# WHAT YOU ARE ASKED TO DO
Each line in the material below must be transcribed exactly; no picture belongs in the copy.

# COLLECTED MATERIAL
>>>
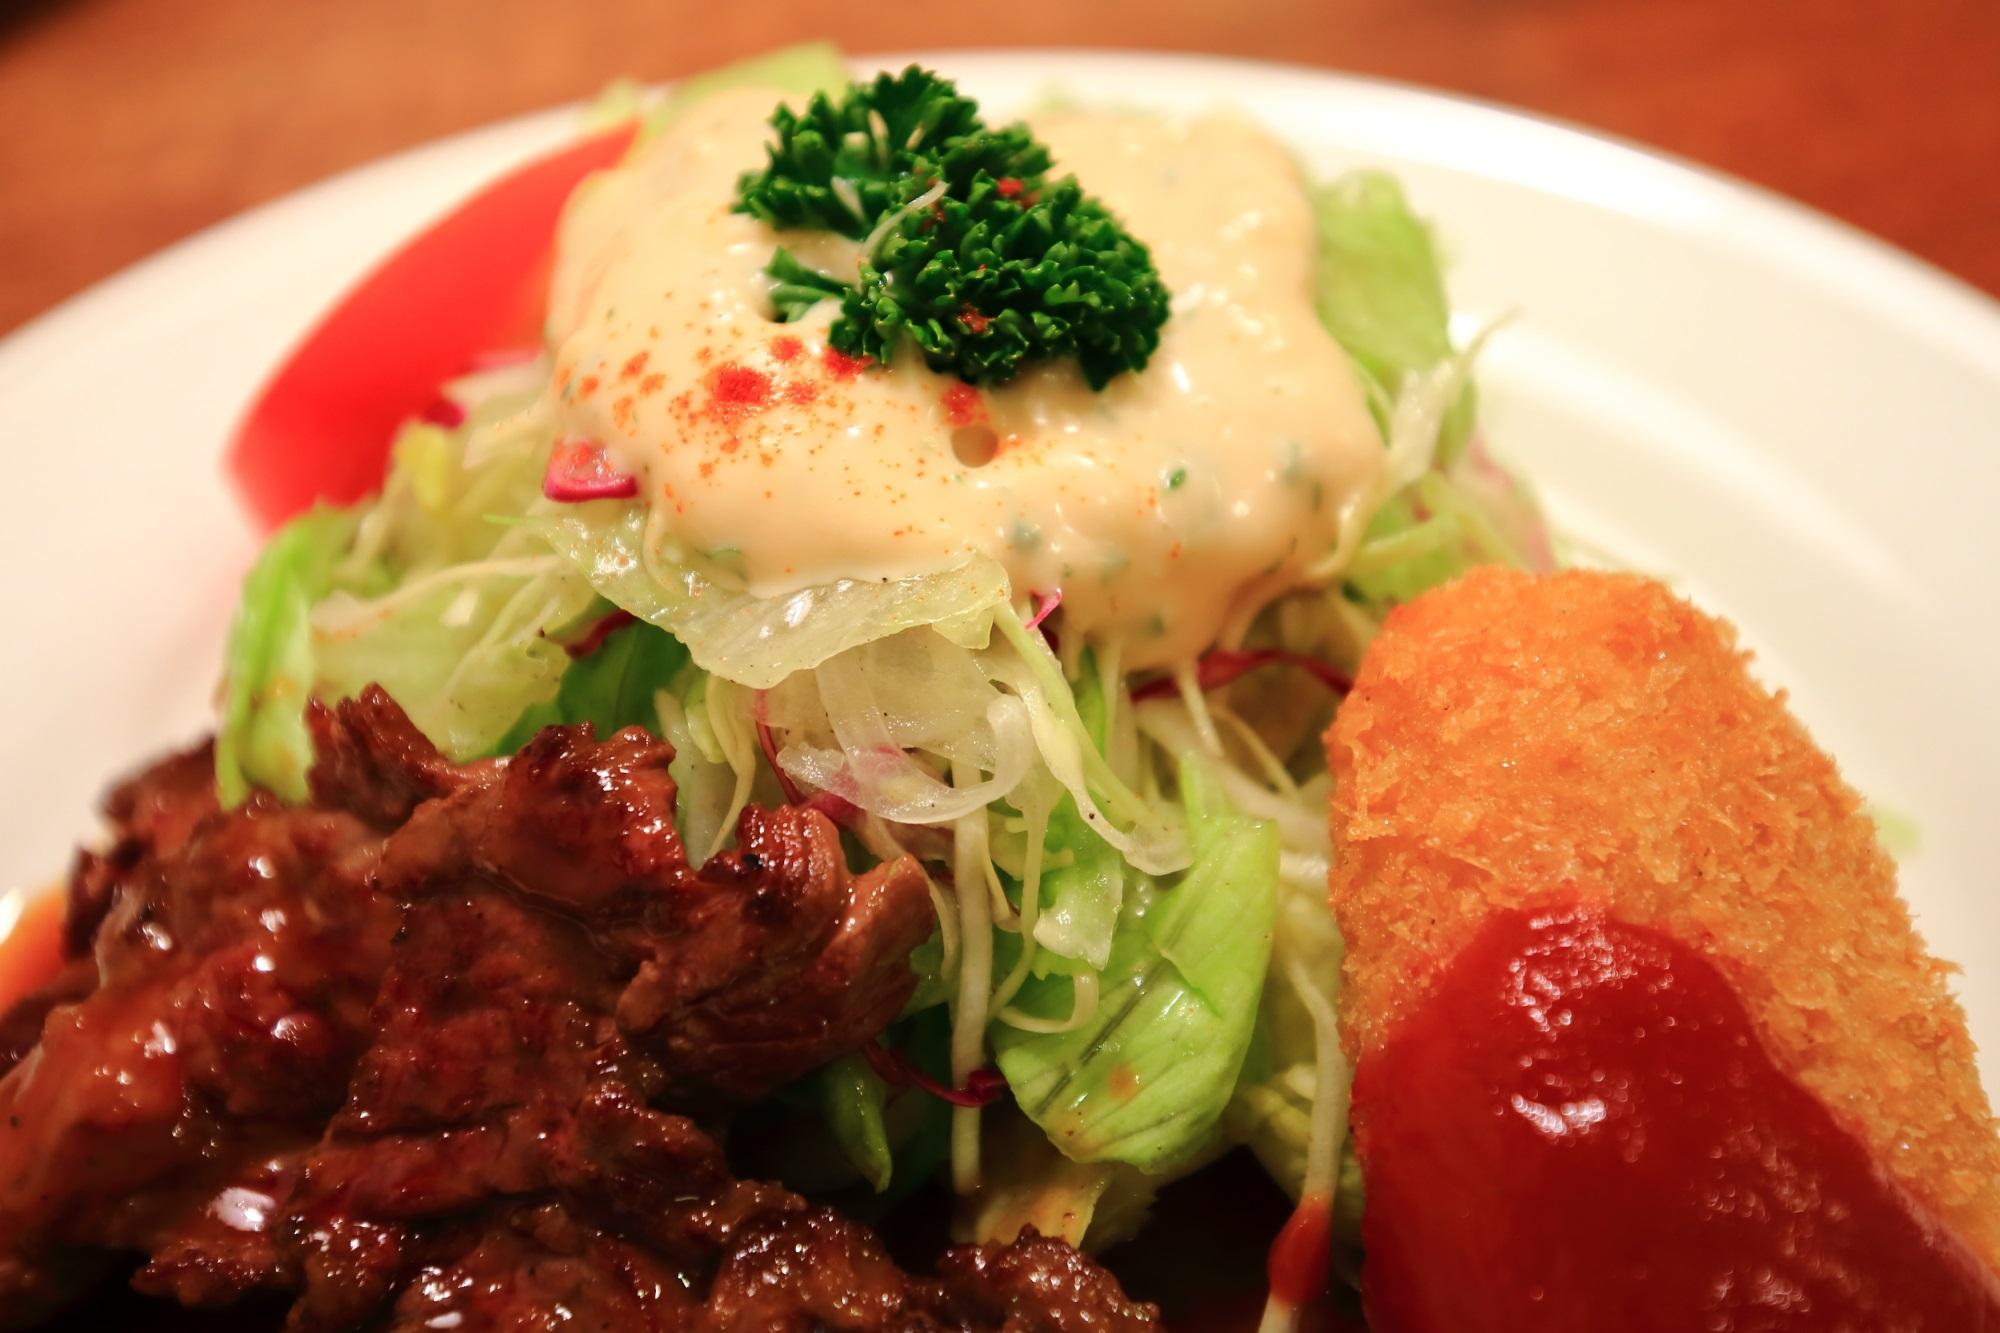 京都のうまい店のサラダの店サンチョ河原町本店のテリコロランチのサラダ
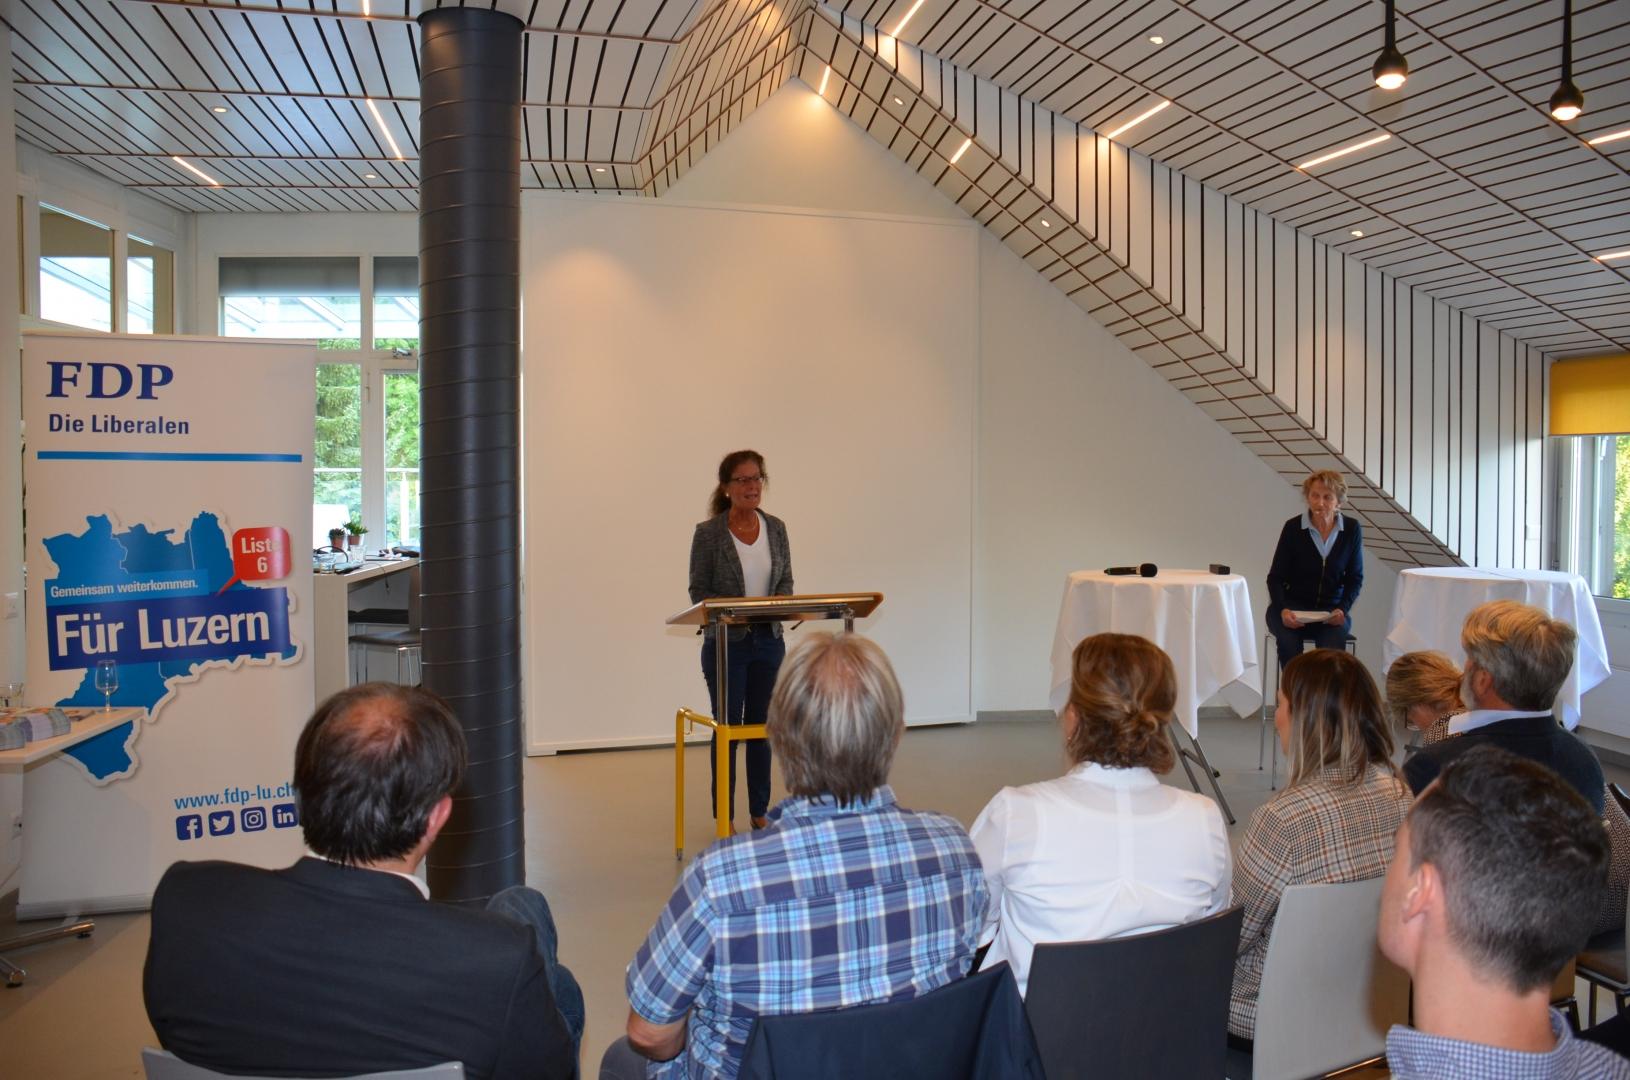 Begrüssung Wahlanlass in Hertenstein 20.09.19
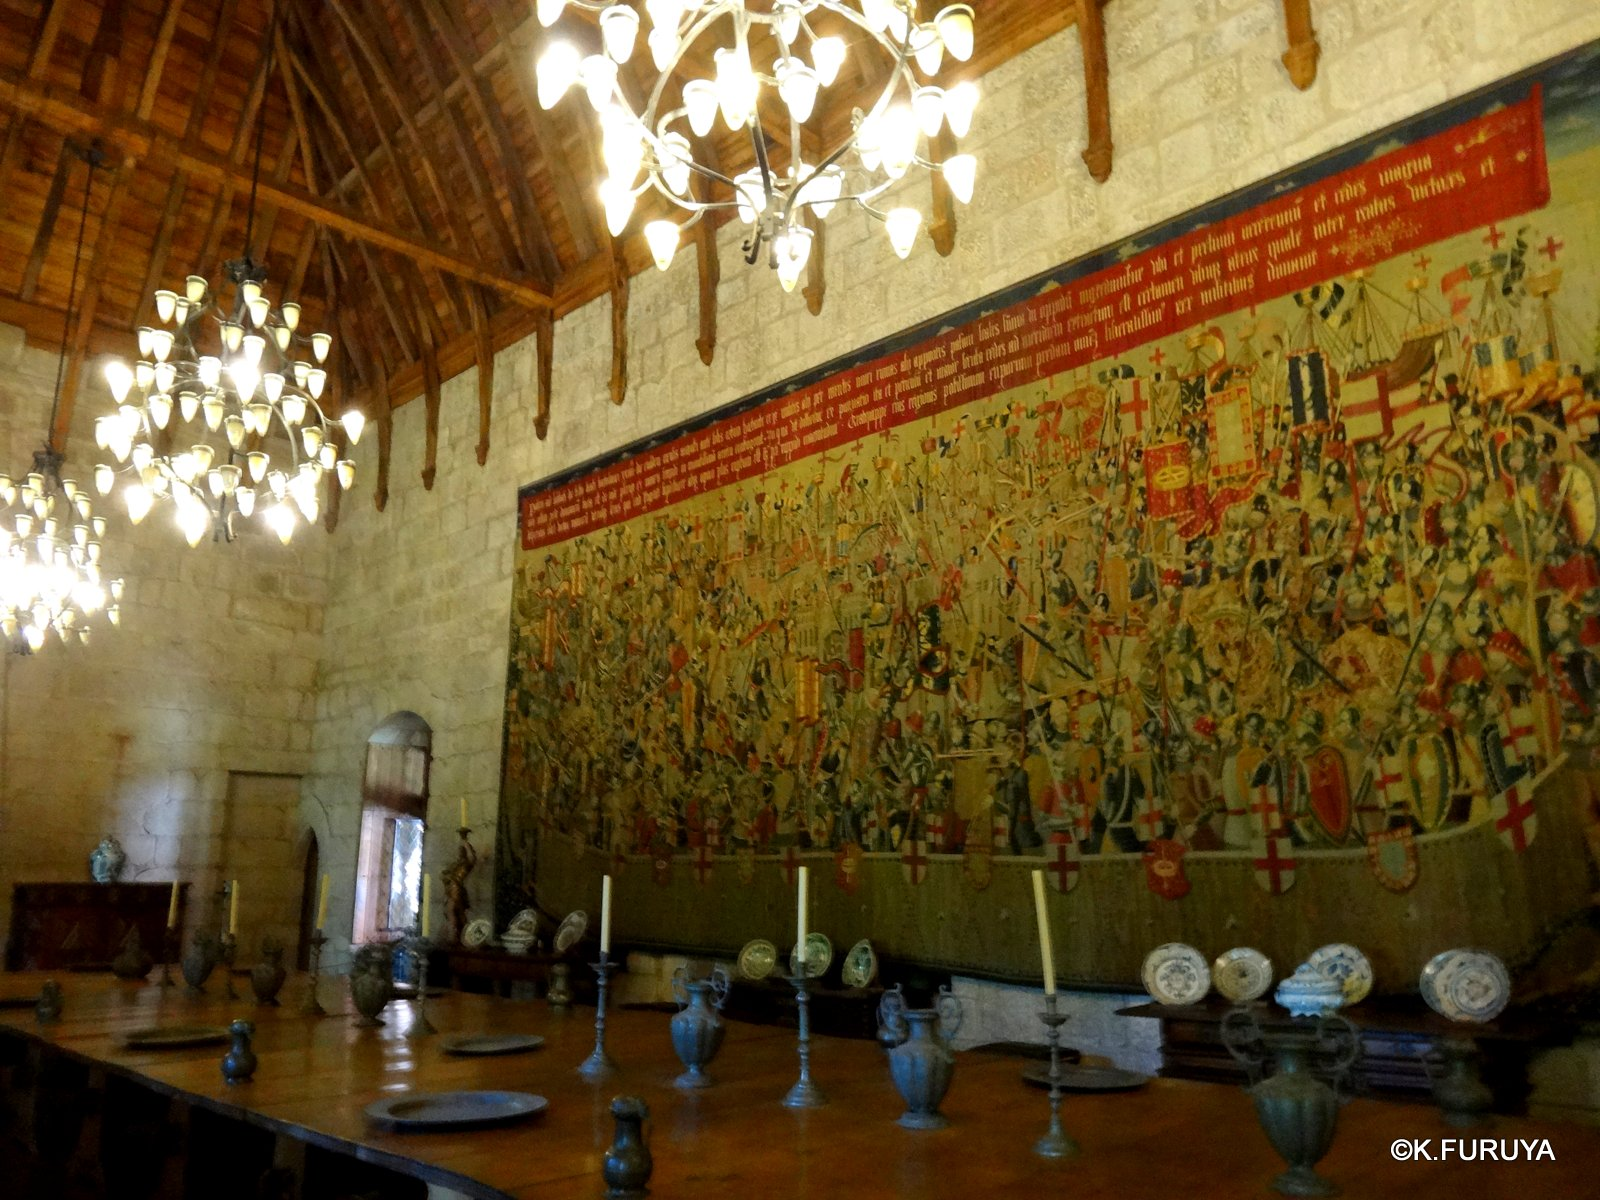 ポルトガル旅行記 11 ポルトガル発祥の地 ギマランイス_a0092659_120993.jpg
<<<
# TASK RESULT
 京都のうまい店のサラダの店サンチョ河原町本店のテリコロランチのサラダ
 Begrüssung Wahlanlass in Hertenstein 20.09.19
 ポルトガル旅行記 11 ポルトガル発祥の地 ギマランイス_a0092659_120993.jpg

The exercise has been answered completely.